Chen Shann-Ching, Murphy Robert F
Department of Biomedical Engineering and Center for Bioimage Informatics, Carnegie Mellon University, Pittsburgh, PA 15213, USA.
BMC Bioinformatics. 2006 Feb 23;7:90. doi: 10.1186/1471-2105-7-90.
Knowledge of the subcellular location of a protein is critical to understanding how that protein works in a cell. This location is frequently determined by the interpretation of fluorescence microscope images. In recent years, automated systems have been developed for consistent and objective interpretation of such images so that the protein pattern in a single cell can be assigned to a known location category. While these systems perform with nearly perfect accuracy for single cell images of all major subcellular structures, their ability to distinguish subpatterns of an organelle (such as two Golgi proteins) is not perfect. Our goal in the work described here was to improve the ability of an automated system to decide which of two similar patterns is present in a field of cells by considering more than one cell at a time. Since cells displaying the same location pattern are often clustered together, considering multiple cells may be expected to improve discrimination between similar patterns.

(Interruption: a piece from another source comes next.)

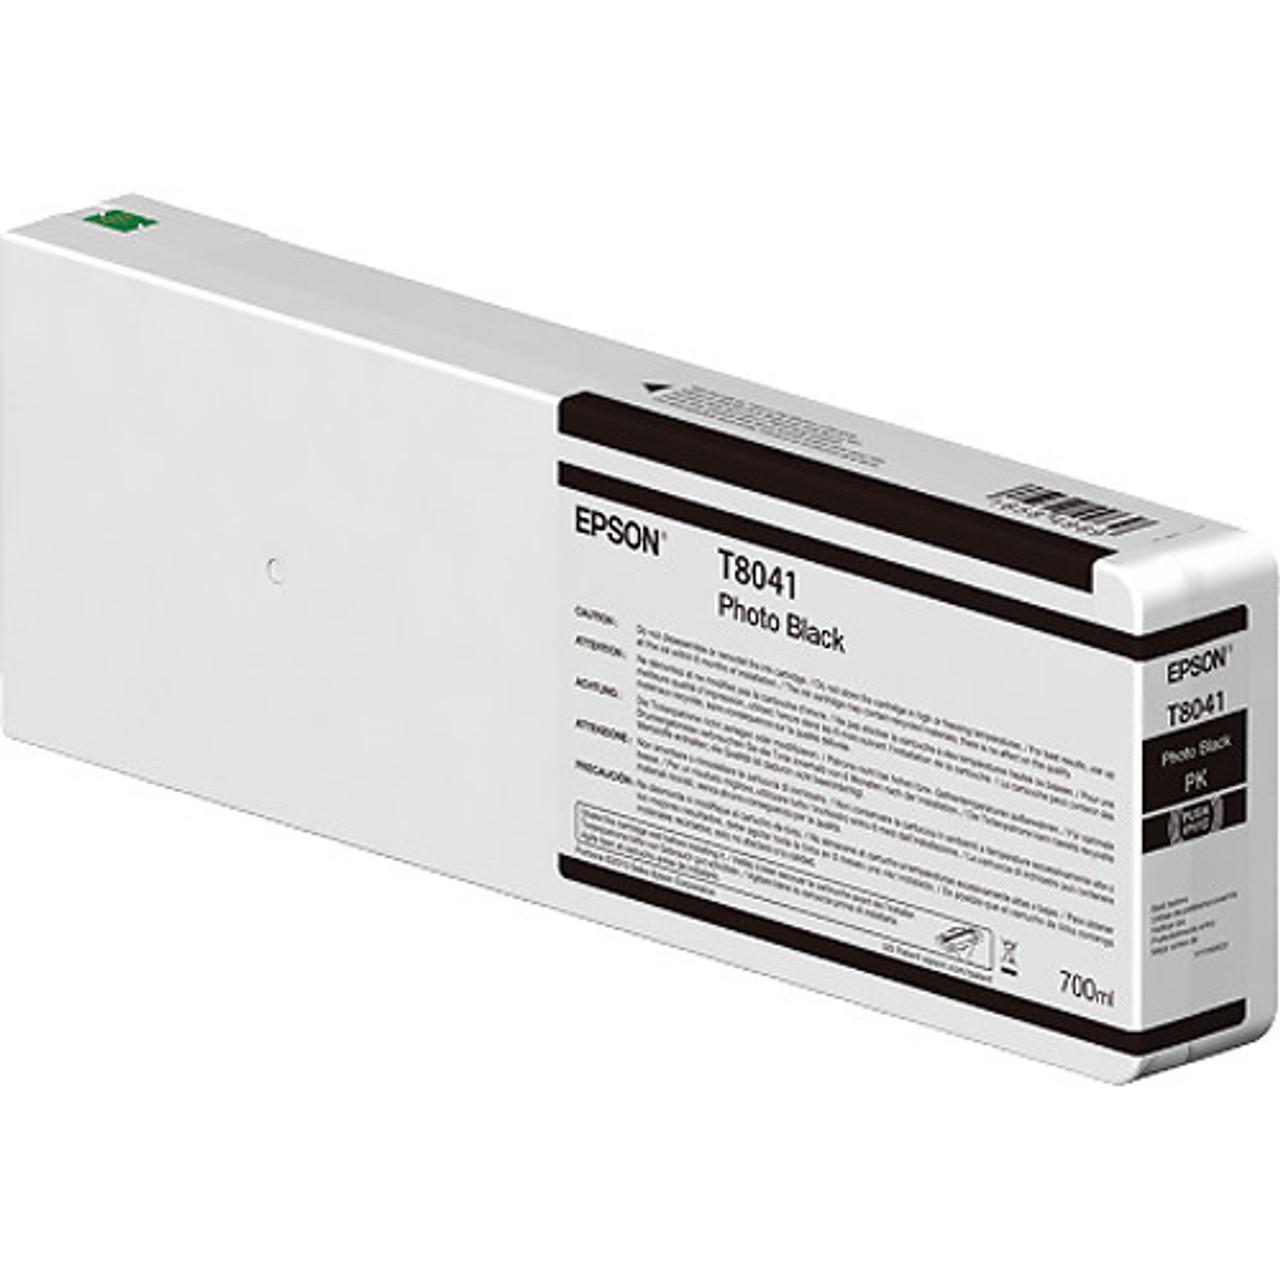 Epson T804100 Photo Black Ink Cartridge, 700 mL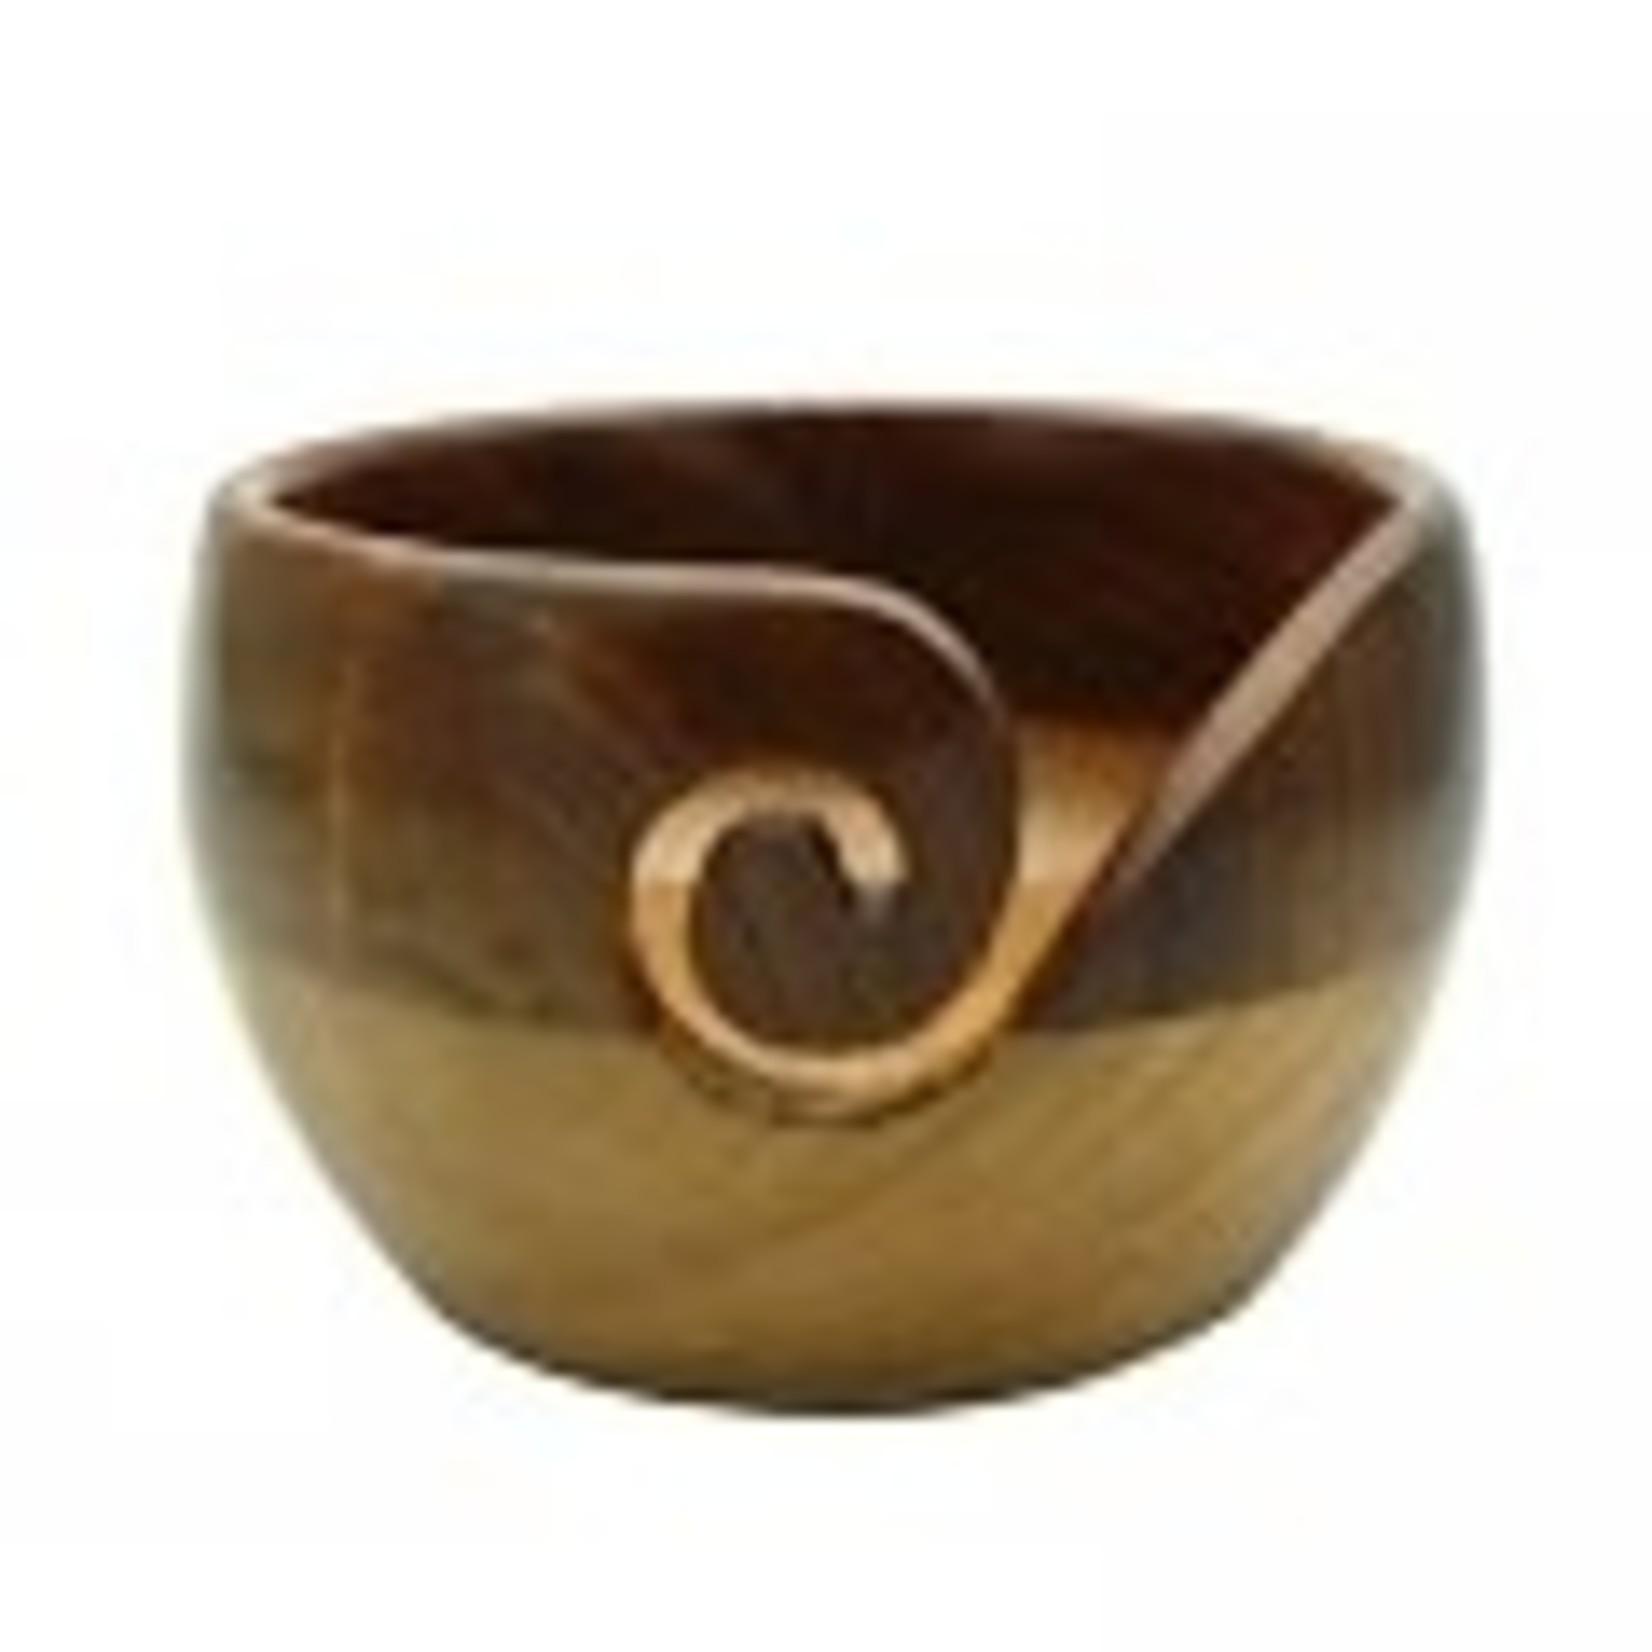 Estelle Yarn Bowl by Estelle

We describe how to take advantage of information on experimental conditions to construct a graphical representation for multiple cells in a field. Assuming that a field is composed of a small number of classes, the classification accuracy can be improved by allowing the computed probability of each pattern for each cell to be influenced by the probabilities of its neighboring cells in the model. We describe a novel way to allow this influence to occur, in which we adjust the prior probabilities of each class to reflect the patterns that are present. When this graphical model approach is used on synthetic multi-cell images in which the true class of each cell is known, we observe that the ability to distinguish similar classes is improved without suffering any degradation in ability to distinguish dissimilar classes. The computational complexity of the method is sufficiently low that improved assignments of classes can be obtained for fields of twelve cells in under 0.04 second on a 1600 megahertz processor.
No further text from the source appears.